In a continuation of the previous quarter's trend ARM Holdings plc (Cambridge, England) signed up a near record number of new licensees but saw year-on-year growth in royalties drop to just 2 percent on unit shipments up 11 percent.
The strong licensing quarter included the licensing of lead partners for two forthcoming ARM 64-bit cores called Artemis and Maia. Artemis is thought to sit between the Cortex-A53 (little) and Cortex-A57 (big) much as the Cortex-A12 sits between Cortex-A7 and Cortex-A15 in the 32bit product line up.
The licensing helped offset the slow royalties that CEO Simon Segars, speaking to analysts in a conference, said was due to a mix of a consumer cyclicality and weakness and inventory correction in the high-end smartphone market where ARM cores command a higher royalty rate. Segars said royalty rates are expected to accelerate in the second half of 2014. "We think we are at, or near, the bottom of this cycle," Segars said.
ARM CEO Segars said smartphone inventory correction close to over.
The 41 licensees for processor architecture and cores signed in the quarter was driven partly by great interest in ARM's 64-bit capable instruction set architecture, the v8-A. To date ARM has signed a total of 50 v8-A licensees with 28 companies, Segars said
ARM reported Q2 revenue of £187.1 million (about $320 million), up 9 percent compared with the same quarter a year before. In dollar terms ARM recorded sales of $309 million up about 17 percent compared with the same quarter a year before. The company made a profit before tax of £94.2 million up 9 percent on 2Q13.
In terms of outlook the company said that market data indicates improving conditions but it gave no quantitative estimates for the third quarter or second half.
Royalties follow licenses
"Our continued strong licensing performance reflects the intent of existing and new customers to base more of their future products on ARM technology. The 41 processor licences signed in Q2 were driven by demand for ARM technology in smart mobile devices, consumer electronics and embedded computing chips for the Internet of Things, and include further licences for ARMv8-A and Mali processor technology. This bodes well for growth in ARM's medium and long-term royalty revenues," said Segars in a prepared statement.
Speaking to analysts Segars made the point that cores designed to the ARMv8 instruction set command a higher royalty percentage than the ARMv7 processor cores such as the Cortex-A7, A12 and A15. Over the long-term the average royalty rate is expected to expand from about 1 percent to about 3 percent of average selling price partly due to an increased per core rate and partly due to the use of multiple cores, although could also by offset by breakpoint discounts for volumes shipped.
The 41 licensees signed in 2Q14 included 7 additional ARMv8-A processor licenses including lead licensees for two forthcoming processor core codenamed Artemis and Maia. A total of 8 Mali processor licenses were sold including licenses for video and display processors and 20 Cortex-M licenses of cores suitable for microcontrollers.
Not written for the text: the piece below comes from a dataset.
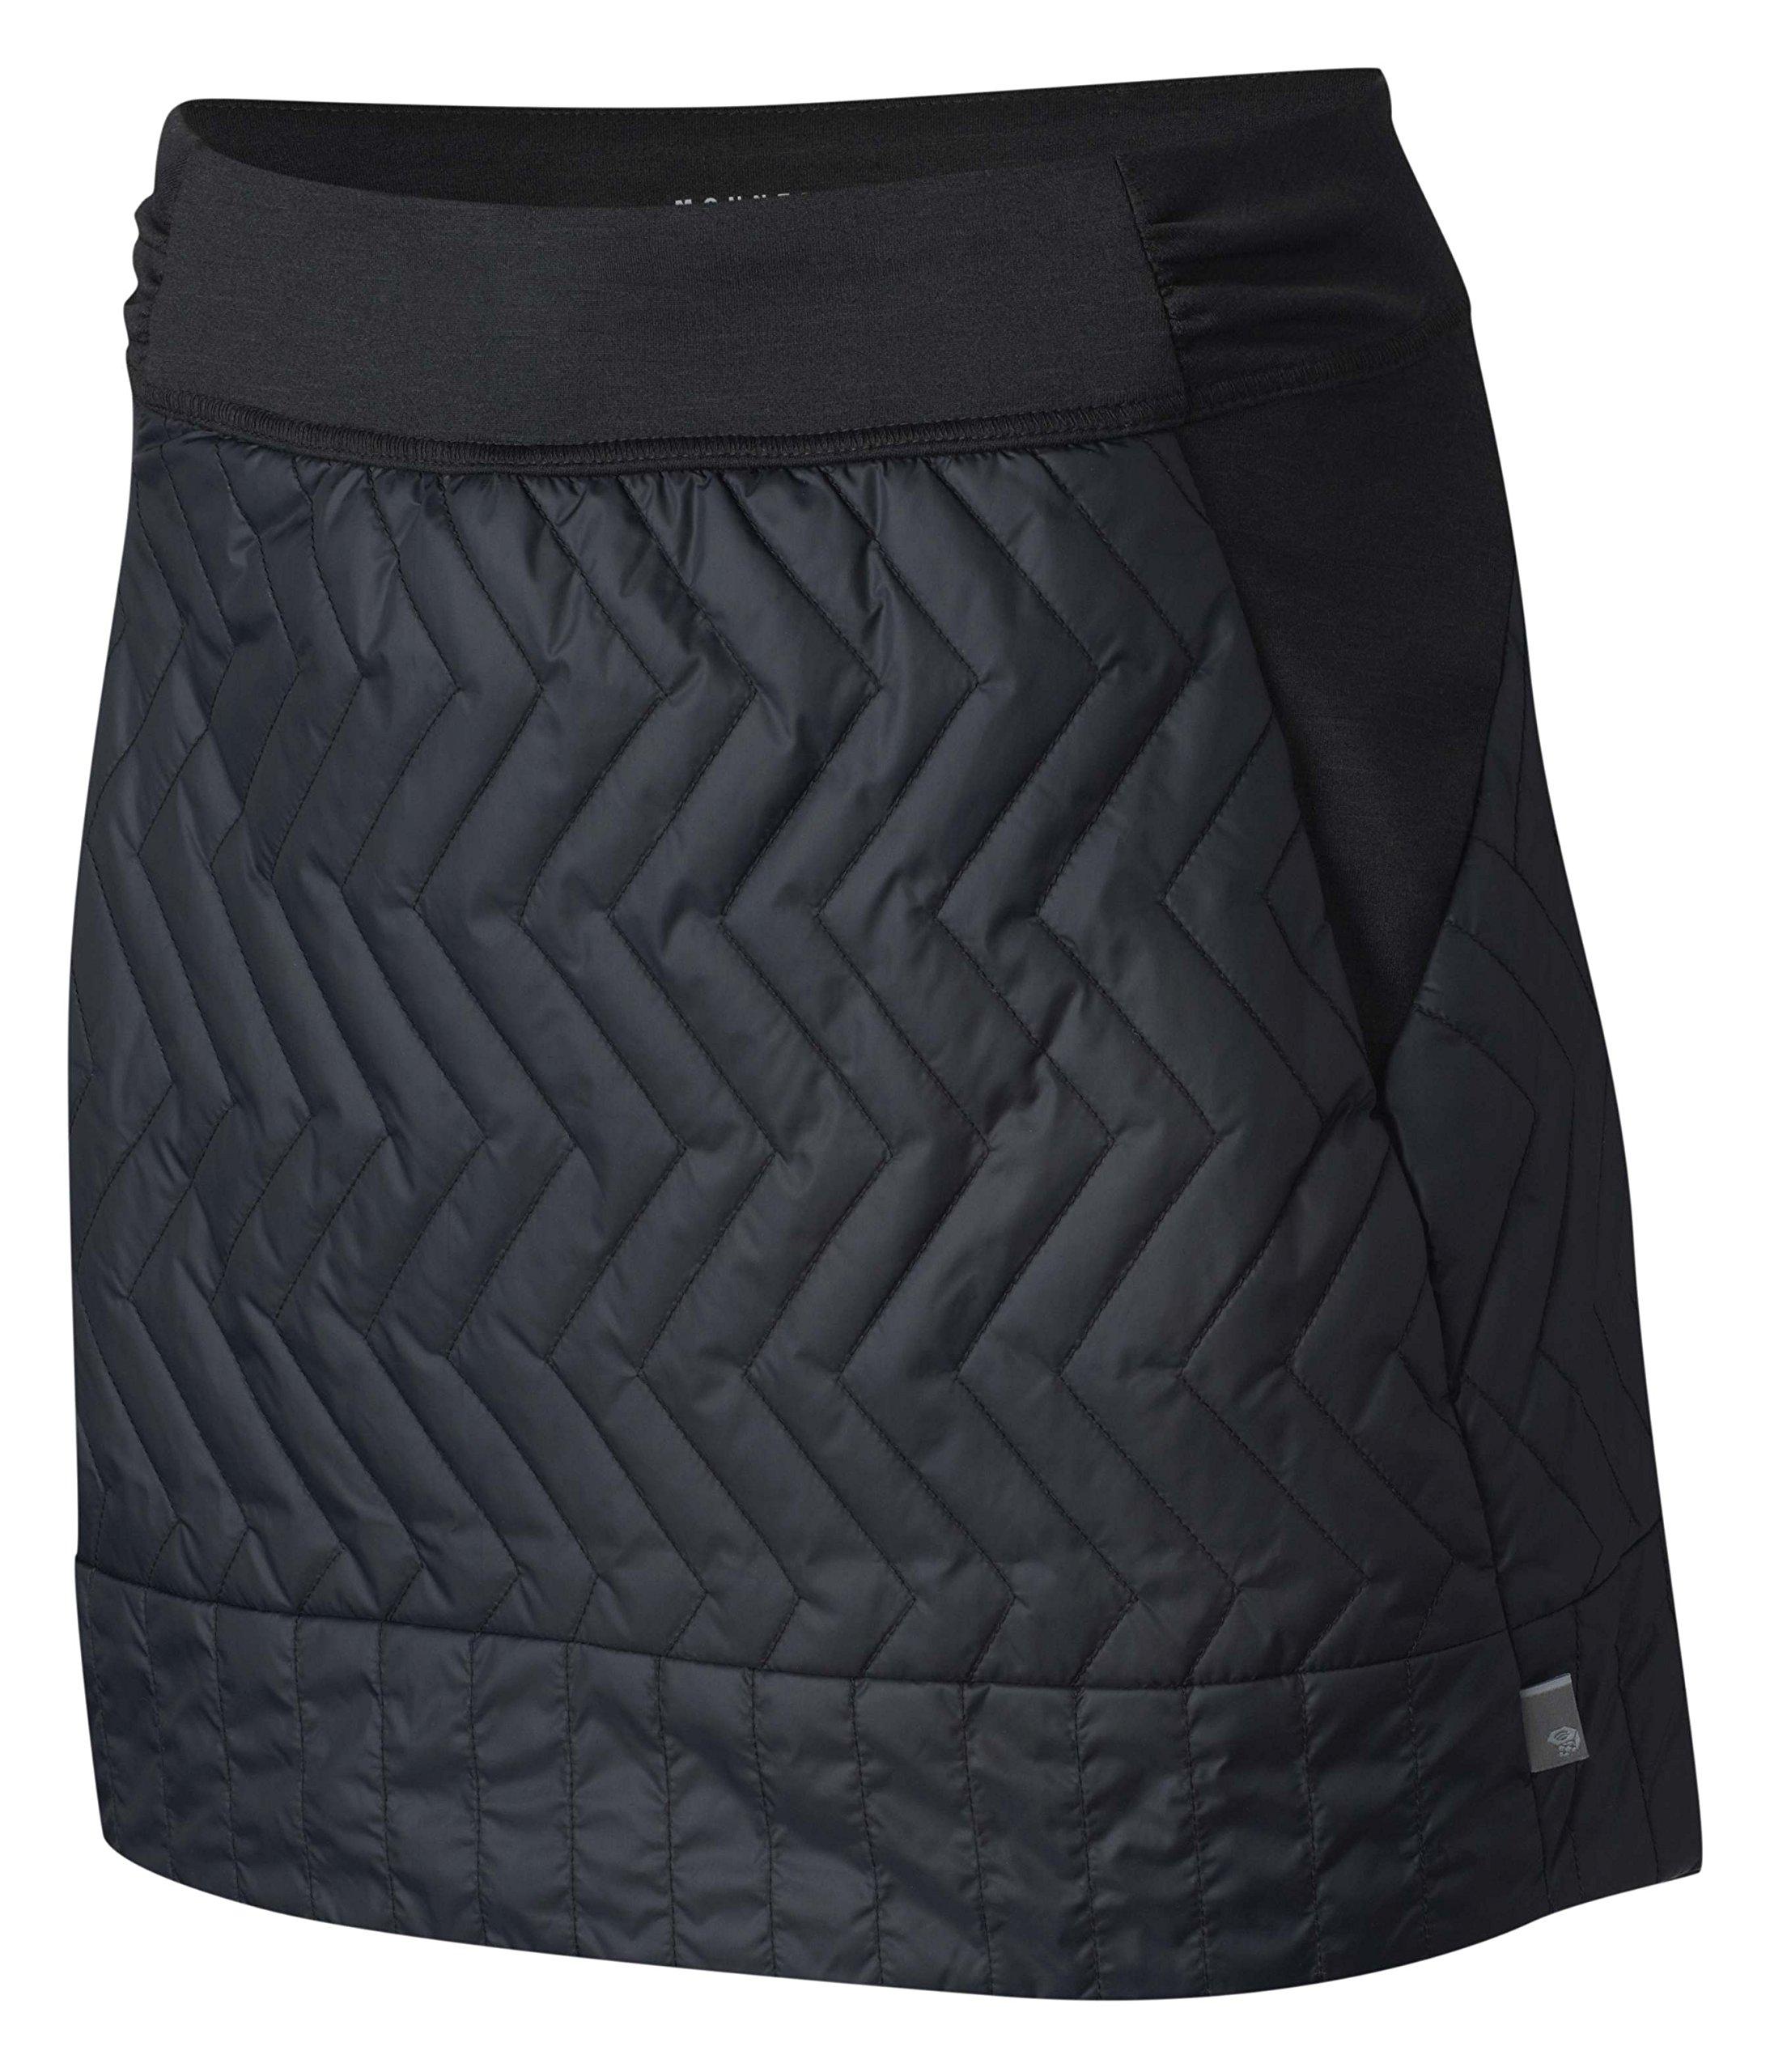 Mountain Hardwear Women's Trekkin¿ Insulated Mini Skirt Black X-Large by Mountain Hardwear

Segars said the move to 20nm manufacturing process technology would probably only happen for relatively few customers with many staying on the more mature 28nm CMOS processes, while some were waiting to jump to a FinFET manufacturing process at 16 or 14nm.
"20nm adoption will be low. Some will stay on 28nm longer and innovate in design. I think we are in a transition period and people are eager to get to FinFET as quickly as possible." Segars made no mention of the fully-depleted silicon-on-insulator (FDSOI) process being offered by STMicroelectronics and Samsung as an alternative option to FinFET production.
ARM technology shipped in 2.7 billion units in Q2 up 11 percent year-on-year, as in the previous quarter. The breakdown by application area was 43 percent in mobile, 17 percent in enterprise and networking, 5 percent in domestic consumer and 35 percent classed as general embedded, which includes industrial and automotive sectors.